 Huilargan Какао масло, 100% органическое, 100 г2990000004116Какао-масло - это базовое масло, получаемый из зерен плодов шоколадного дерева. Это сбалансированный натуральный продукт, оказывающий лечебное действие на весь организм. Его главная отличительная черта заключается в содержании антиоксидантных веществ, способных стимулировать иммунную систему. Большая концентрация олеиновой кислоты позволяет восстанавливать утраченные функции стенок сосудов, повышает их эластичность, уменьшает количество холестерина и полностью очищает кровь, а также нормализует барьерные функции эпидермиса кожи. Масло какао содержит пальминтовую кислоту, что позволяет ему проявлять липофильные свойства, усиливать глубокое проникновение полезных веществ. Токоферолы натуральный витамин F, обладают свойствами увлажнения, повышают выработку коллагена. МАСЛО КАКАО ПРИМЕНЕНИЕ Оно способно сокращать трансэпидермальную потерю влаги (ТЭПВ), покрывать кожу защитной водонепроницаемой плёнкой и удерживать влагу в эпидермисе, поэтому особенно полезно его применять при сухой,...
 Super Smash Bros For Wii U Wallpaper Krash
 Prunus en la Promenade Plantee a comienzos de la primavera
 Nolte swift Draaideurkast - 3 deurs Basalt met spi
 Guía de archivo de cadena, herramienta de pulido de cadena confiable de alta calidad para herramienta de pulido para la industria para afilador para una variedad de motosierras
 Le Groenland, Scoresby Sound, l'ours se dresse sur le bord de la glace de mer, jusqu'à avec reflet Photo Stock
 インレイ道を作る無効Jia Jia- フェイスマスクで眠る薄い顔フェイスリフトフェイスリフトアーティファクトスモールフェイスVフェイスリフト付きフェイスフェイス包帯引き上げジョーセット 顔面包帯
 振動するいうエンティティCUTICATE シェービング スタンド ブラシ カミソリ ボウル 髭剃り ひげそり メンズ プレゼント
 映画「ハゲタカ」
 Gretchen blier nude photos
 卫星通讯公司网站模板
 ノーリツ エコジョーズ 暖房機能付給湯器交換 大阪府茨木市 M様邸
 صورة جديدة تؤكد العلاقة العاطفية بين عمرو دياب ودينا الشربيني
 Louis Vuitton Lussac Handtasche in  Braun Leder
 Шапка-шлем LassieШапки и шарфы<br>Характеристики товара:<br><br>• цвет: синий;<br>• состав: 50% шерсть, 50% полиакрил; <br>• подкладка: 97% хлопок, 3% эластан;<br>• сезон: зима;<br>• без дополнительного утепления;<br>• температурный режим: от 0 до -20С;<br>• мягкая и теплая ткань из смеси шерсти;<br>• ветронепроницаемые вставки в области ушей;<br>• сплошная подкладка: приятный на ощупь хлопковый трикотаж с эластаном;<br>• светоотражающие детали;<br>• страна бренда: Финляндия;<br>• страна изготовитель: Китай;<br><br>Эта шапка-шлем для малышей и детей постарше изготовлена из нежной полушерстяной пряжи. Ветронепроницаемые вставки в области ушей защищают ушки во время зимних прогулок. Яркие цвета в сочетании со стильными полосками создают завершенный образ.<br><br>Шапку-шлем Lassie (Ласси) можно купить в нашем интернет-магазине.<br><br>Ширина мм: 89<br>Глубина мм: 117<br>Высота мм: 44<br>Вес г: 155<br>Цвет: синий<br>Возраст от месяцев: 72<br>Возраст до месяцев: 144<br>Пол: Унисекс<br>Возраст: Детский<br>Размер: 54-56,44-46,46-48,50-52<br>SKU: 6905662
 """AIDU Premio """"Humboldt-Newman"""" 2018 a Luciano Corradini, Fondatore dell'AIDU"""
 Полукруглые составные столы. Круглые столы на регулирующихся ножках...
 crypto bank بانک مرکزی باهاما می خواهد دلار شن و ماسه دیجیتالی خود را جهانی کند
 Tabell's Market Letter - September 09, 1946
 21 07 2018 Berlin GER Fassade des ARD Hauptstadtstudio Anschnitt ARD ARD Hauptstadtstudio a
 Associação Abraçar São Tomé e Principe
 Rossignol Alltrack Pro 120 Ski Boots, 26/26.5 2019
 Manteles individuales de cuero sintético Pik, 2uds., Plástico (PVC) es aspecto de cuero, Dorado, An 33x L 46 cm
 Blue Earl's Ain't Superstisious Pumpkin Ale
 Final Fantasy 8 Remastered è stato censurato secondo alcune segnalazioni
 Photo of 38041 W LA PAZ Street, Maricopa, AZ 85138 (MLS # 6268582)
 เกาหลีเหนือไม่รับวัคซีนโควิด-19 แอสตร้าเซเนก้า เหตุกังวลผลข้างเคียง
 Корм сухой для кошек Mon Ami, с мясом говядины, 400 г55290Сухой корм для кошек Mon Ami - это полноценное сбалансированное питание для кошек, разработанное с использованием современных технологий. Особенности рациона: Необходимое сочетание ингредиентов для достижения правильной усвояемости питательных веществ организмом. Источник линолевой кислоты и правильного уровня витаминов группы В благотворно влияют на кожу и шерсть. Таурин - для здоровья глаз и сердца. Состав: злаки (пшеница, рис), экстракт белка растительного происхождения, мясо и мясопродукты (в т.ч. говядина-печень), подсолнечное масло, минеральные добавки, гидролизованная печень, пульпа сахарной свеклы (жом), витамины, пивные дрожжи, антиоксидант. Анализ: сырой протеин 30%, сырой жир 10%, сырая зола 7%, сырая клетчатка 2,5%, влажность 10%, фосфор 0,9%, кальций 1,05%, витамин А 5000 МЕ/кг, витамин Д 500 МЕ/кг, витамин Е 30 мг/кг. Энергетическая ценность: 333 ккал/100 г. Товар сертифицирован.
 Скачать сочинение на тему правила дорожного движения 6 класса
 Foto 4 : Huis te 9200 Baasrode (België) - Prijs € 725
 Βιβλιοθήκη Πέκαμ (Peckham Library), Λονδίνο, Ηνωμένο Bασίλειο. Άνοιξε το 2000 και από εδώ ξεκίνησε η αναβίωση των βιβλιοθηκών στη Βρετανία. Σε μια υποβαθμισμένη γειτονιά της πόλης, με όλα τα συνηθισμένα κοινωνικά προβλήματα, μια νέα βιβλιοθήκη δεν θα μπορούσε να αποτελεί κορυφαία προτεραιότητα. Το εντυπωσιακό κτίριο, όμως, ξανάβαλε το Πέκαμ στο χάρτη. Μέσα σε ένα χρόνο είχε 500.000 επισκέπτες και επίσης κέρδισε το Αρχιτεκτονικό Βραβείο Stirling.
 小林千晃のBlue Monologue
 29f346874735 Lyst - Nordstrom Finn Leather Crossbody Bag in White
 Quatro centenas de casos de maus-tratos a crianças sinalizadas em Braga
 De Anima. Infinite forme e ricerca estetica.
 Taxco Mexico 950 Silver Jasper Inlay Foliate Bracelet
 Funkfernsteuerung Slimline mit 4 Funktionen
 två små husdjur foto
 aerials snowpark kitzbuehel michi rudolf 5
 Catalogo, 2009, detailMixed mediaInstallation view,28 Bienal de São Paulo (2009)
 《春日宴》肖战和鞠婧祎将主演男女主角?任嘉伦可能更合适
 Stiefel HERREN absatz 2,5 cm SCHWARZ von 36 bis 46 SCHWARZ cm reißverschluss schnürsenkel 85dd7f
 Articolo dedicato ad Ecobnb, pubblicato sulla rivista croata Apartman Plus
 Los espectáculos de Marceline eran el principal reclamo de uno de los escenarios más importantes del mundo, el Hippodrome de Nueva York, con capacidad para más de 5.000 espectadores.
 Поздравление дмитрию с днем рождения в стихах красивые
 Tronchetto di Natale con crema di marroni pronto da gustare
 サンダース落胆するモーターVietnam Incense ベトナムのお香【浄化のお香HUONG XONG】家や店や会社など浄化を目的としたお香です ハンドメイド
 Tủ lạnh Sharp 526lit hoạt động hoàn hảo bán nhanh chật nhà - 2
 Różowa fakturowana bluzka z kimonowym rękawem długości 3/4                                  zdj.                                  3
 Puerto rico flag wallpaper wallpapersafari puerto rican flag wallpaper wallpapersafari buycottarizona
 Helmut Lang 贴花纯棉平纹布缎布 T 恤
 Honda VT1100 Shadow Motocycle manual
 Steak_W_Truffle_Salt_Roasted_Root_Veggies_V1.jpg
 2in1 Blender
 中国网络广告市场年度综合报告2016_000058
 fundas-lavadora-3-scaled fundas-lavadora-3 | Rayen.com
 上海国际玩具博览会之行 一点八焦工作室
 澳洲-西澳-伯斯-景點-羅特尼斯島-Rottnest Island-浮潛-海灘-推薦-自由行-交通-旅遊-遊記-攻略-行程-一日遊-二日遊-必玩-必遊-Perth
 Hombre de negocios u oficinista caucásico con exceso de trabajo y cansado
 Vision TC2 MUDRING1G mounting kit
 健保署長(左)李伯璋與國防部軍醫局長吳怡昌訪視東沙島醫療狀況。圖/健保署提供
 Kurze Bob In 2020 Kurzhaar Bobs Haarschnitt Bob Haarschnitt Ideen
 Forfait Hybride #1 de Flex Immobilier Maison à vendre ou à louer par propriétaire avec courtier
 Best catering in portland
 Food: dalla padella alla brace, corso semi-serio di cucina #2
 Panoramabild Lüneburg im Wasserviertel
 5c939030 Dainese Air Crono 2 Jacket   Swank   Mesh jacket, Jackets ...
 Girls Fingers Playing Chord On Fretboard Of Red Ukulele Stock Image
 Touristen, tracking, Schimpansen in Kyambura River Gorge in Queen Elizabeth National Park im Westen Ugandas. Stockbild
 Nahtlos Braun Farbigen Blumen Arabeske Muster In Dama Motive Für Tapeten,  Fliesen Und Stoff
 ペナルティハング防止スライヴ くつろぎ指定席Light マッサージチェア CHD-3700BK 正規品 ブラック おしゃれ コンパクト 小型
══════════
Reproduce exactly the lines above from the line with "Gretchen blier nude photos" to the line with "Louis Vuitton Lussac", including both, and add nothing.

 Gretchen blier nude photos
 卫星通讯公司网站模板
 ノーリツ エコジョーズ 暖房機能付給湯器交換 大阪府茨木市 M様邸
 صورة جديدة تؤكد العلاقة العاطفية بين عمرو دياب ودينا الشربيني
 Louis Vuitton Lussac Handtasche in  Braun Leder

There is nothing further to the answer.